TMG is almost debt-free and occupies leading positions with big brands in a number of relevant markets. Over the coming months, TMG will continue to focus on achieving synergy, economies of scale, digitalisation and the strengthening of market shares for existing products, while of course remaining alert to potential acquisitions which would further consolidate the position.
TMG is occupied with the changing media landscape and the future in many different ways, ranging from the exploitation of content on e-readers to the opportunities for new advertising billing models in the print and digital area. Print products remain very important for the profitability, and the attention TMG pays to them reflects this. TMG is investing in these products too, and is updating, improving as well as optimising them. The print products will deliver outstanding returns for many years to come. And especially in a declining market a major publisher of print products such as TMG is able to win market share and to realise proper financial margins.

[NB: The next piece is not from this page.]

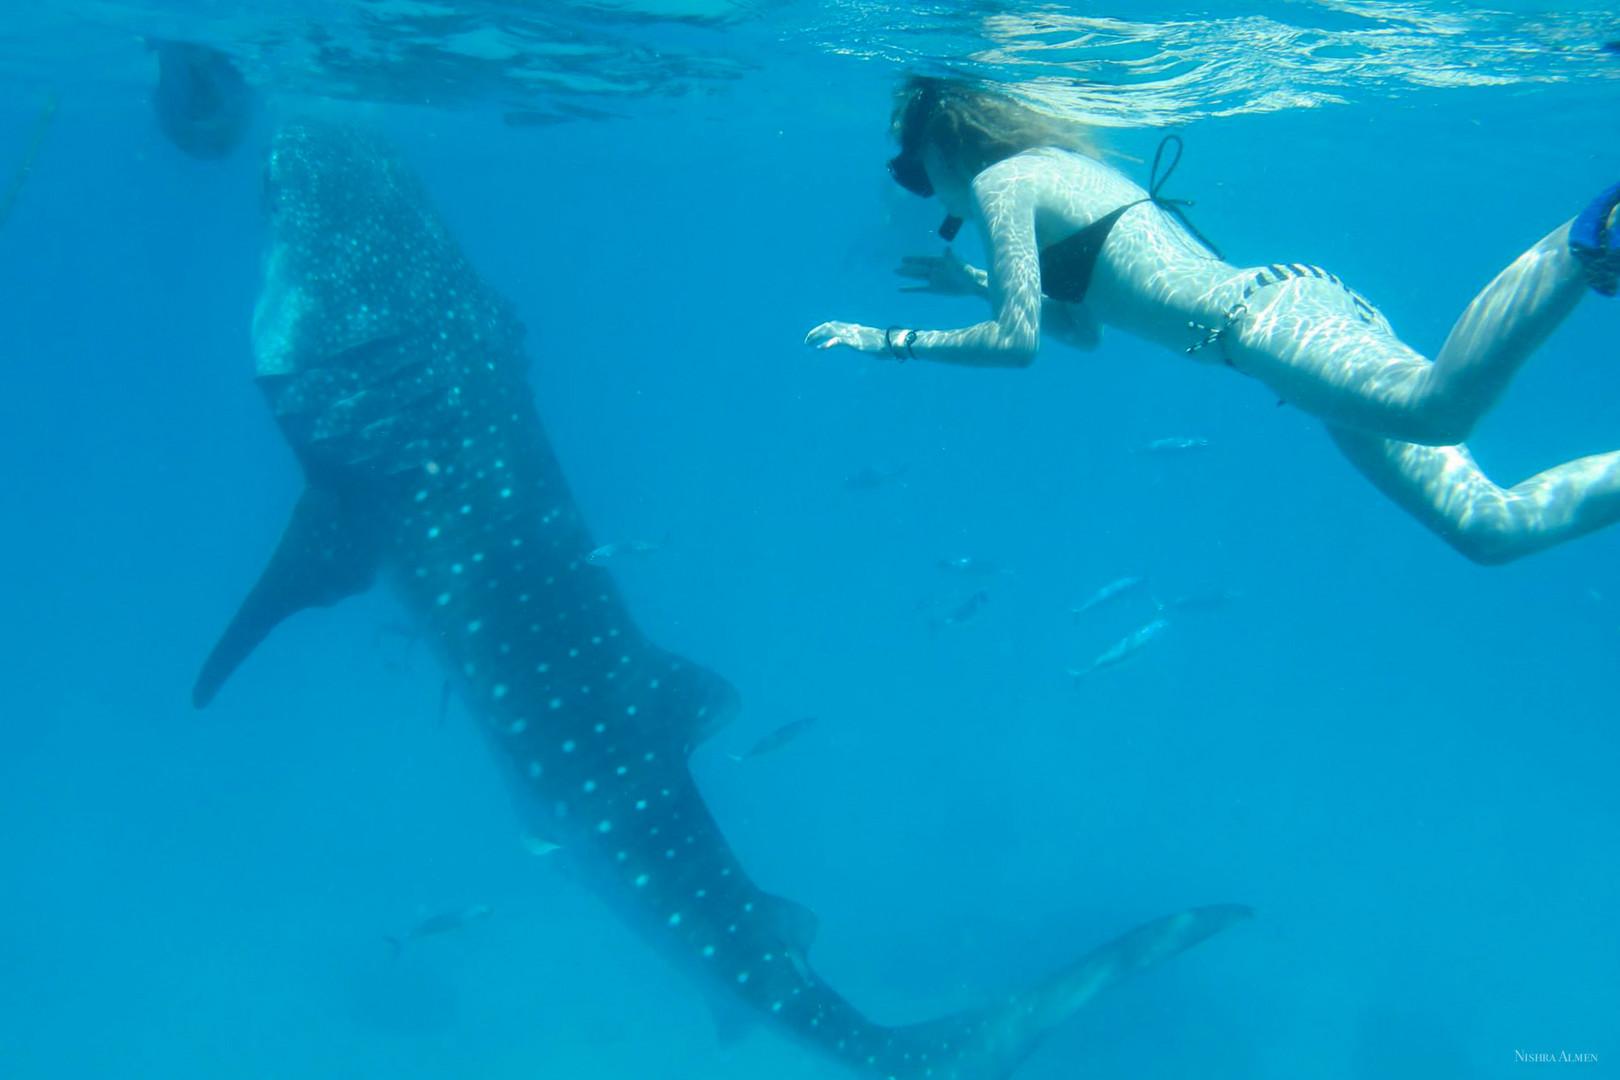 Pleione whaleshark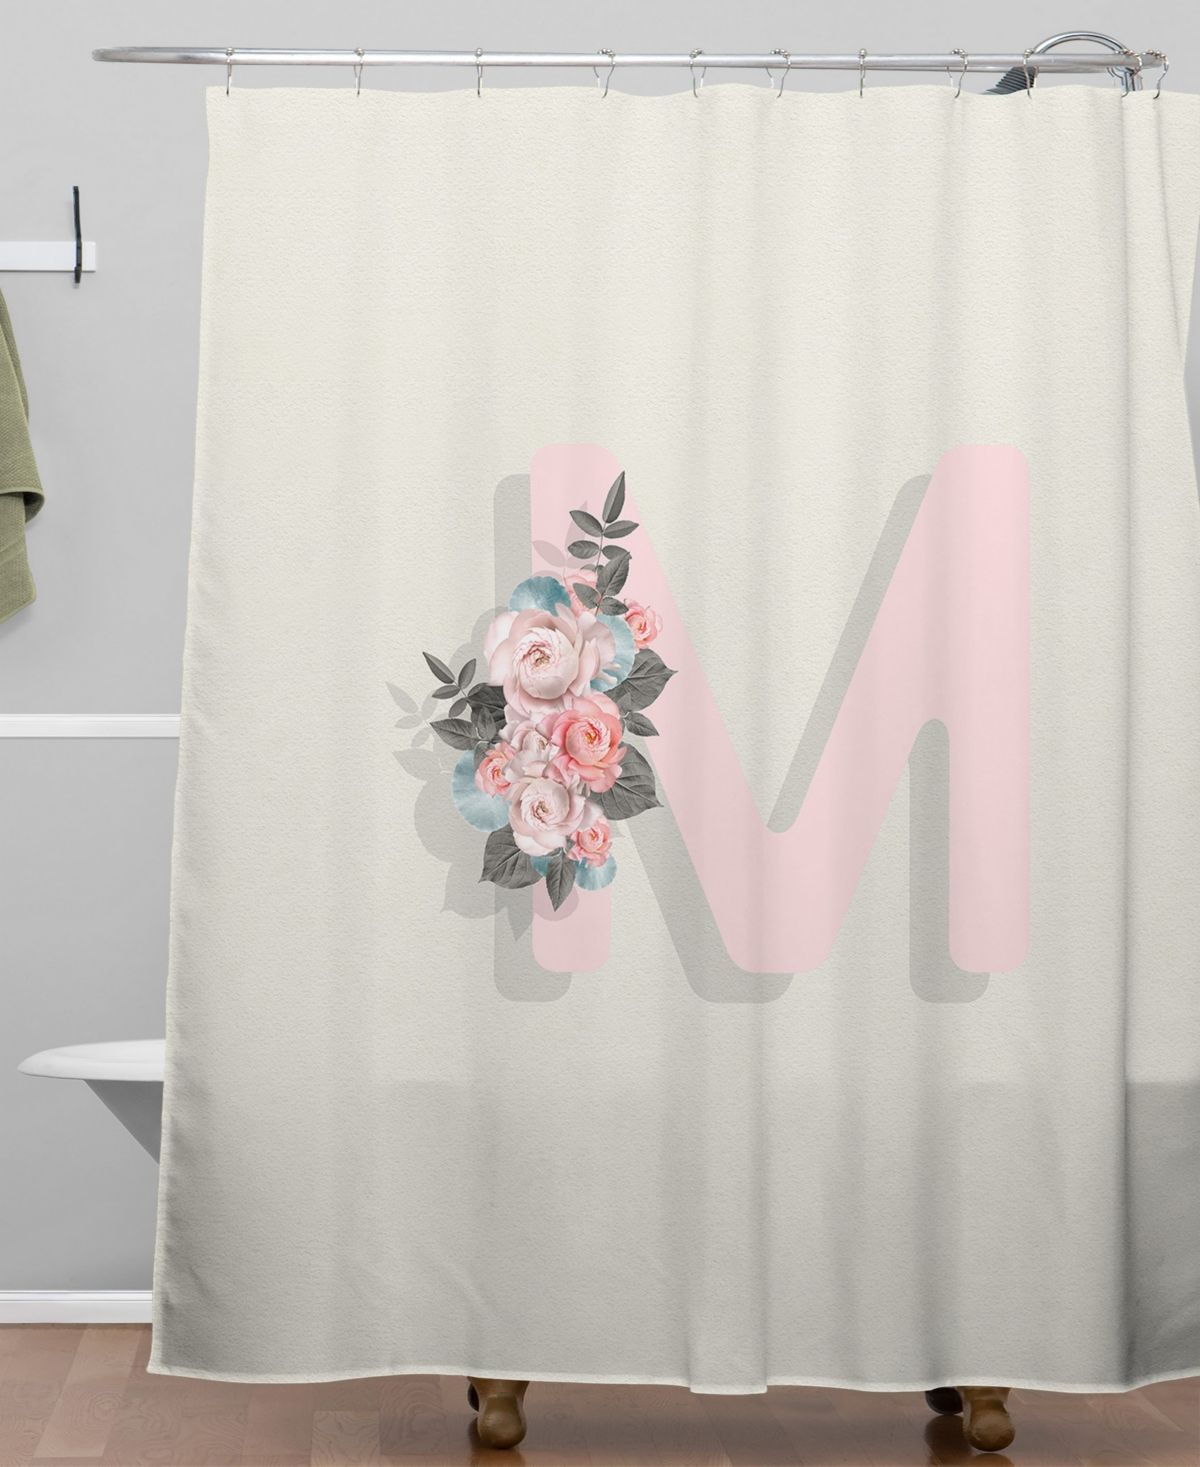 Deny Designs Iveta Abolina Pivoine M Shower Curtain Reviews Shower Curtains Bed Bath Macy S Design Baby Clothes Shops Curtains

All of which means TMG must invest in tandem with unpopular internal measures. In the proper balance, this is the best guarantee for all stakeholders of a successful future for TMG. The biggest challenge facing TMG is to migrate to more digital revenues and profits, without losing sight of the profitability of print products.
In the long run economies of scale are important in a consolidating print industry and so is migration to higher revenues and results from digital activities. This is restricted by still existing crossownership constraints and also by competition in the digital area of public broadcasters, which are funded by the government.
The dividend is normally set within a range of 15% to 30% of the cash flow, with cash flow being defined as the sum of net result and depreciation, adjusted for the effects of revaluations and impairments included in the net result for the year.
Despite the limited negative operating result (EBIT), but in view of the positive operational cash flow and TMG's debt-free position, a cash dividend of €0.35 per share is proposed, like in 2008. On a total of 47,750,000 outstanding shares and depositary receipts for shares, this equates to a payout of €16.7 million.